A forward sale is often structured as the obligation to purchase a property after the seller completes construction and often achieves certain leasing thresholds in exchange for a certain price often determined ?based on a formula using a cap rate and leased area and leases are often subject to either some form of approval rights of the buyer or a leasing policy that sets forth certain leasing parameters.
The vendor is usually entitled to close? upon delivery of a variety of items such as as built plans, completion certificates, area certificates, leases, estoppels, title, zoning, enviro and building condition reports together with a calculation of the purchase price.

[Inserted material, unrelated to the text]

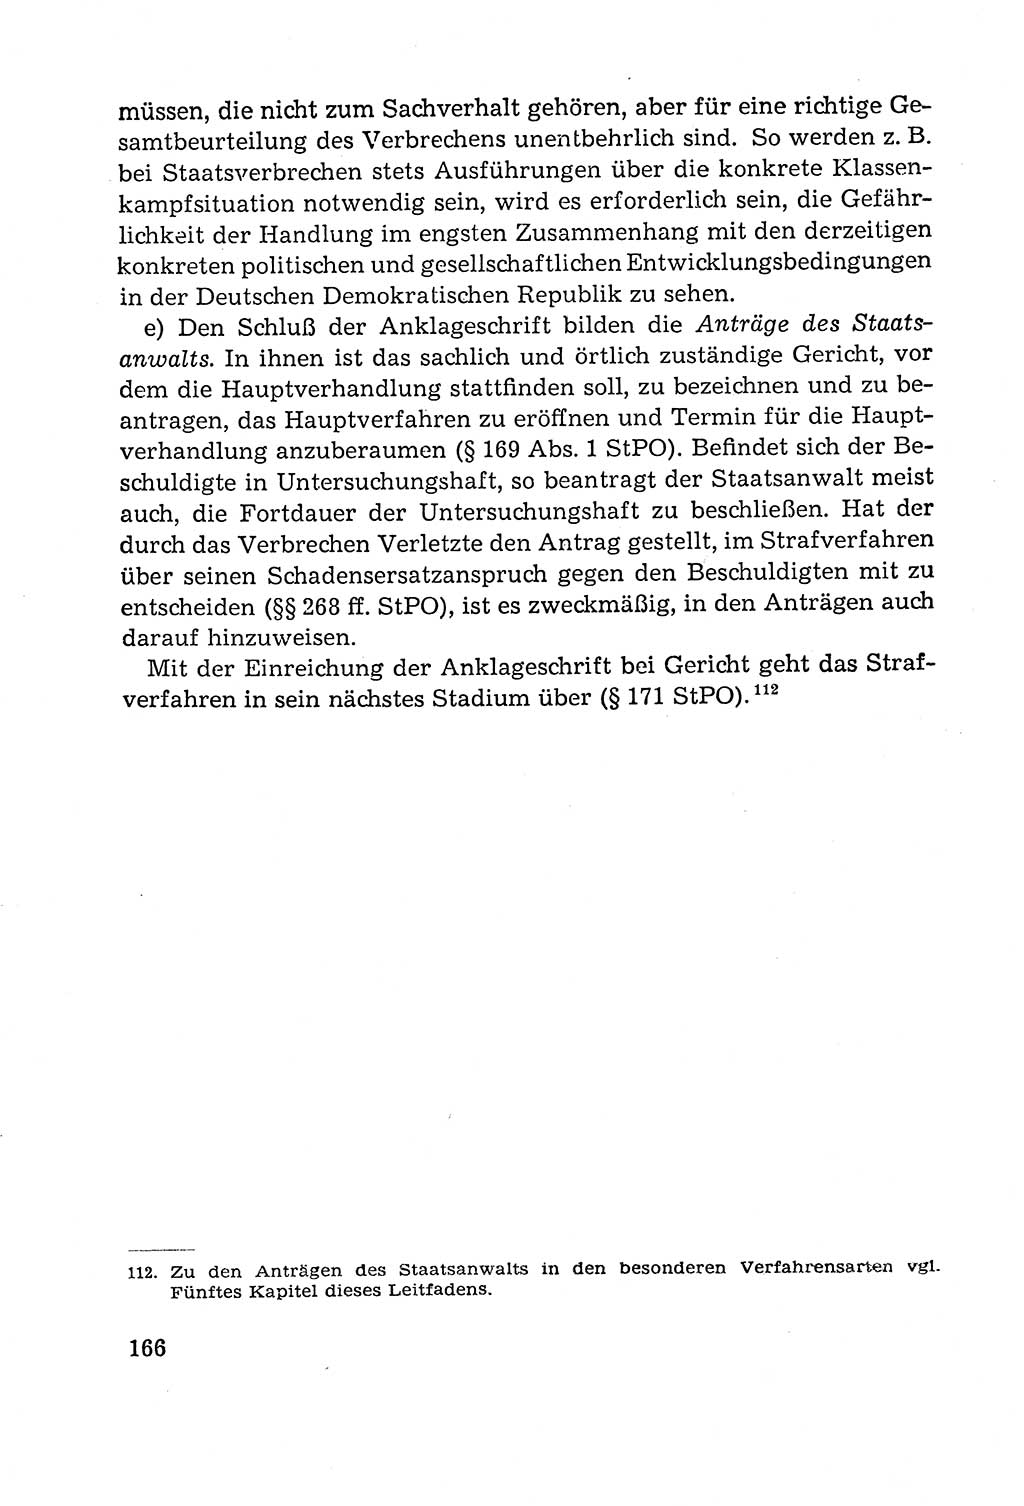 Leitfaden des Strafprozeßrechts der Deutschen Demokratischen Republik (DDR) 1959, Seite 166 (LF StPR DDR 1959, S. 166)

The fun usually begins with the quality of the deliveries and any discrepancies that may be disclosed not to mention the purchase price calculation (although that is usually subject to arbitration).
Possible areas of contention could include quality of tenants and tenant mix, premises measurements, quantification of adjustments for estoppel disclosures, title issues or encroachments, building deficiencies and whether the quality of some of the deliveries? is equivalent to failure of delivery.
As the same client said “sounded like a good idea at the time. Forward sales are the exact opposite of the famous principle: if you want something done right, do it yourself”.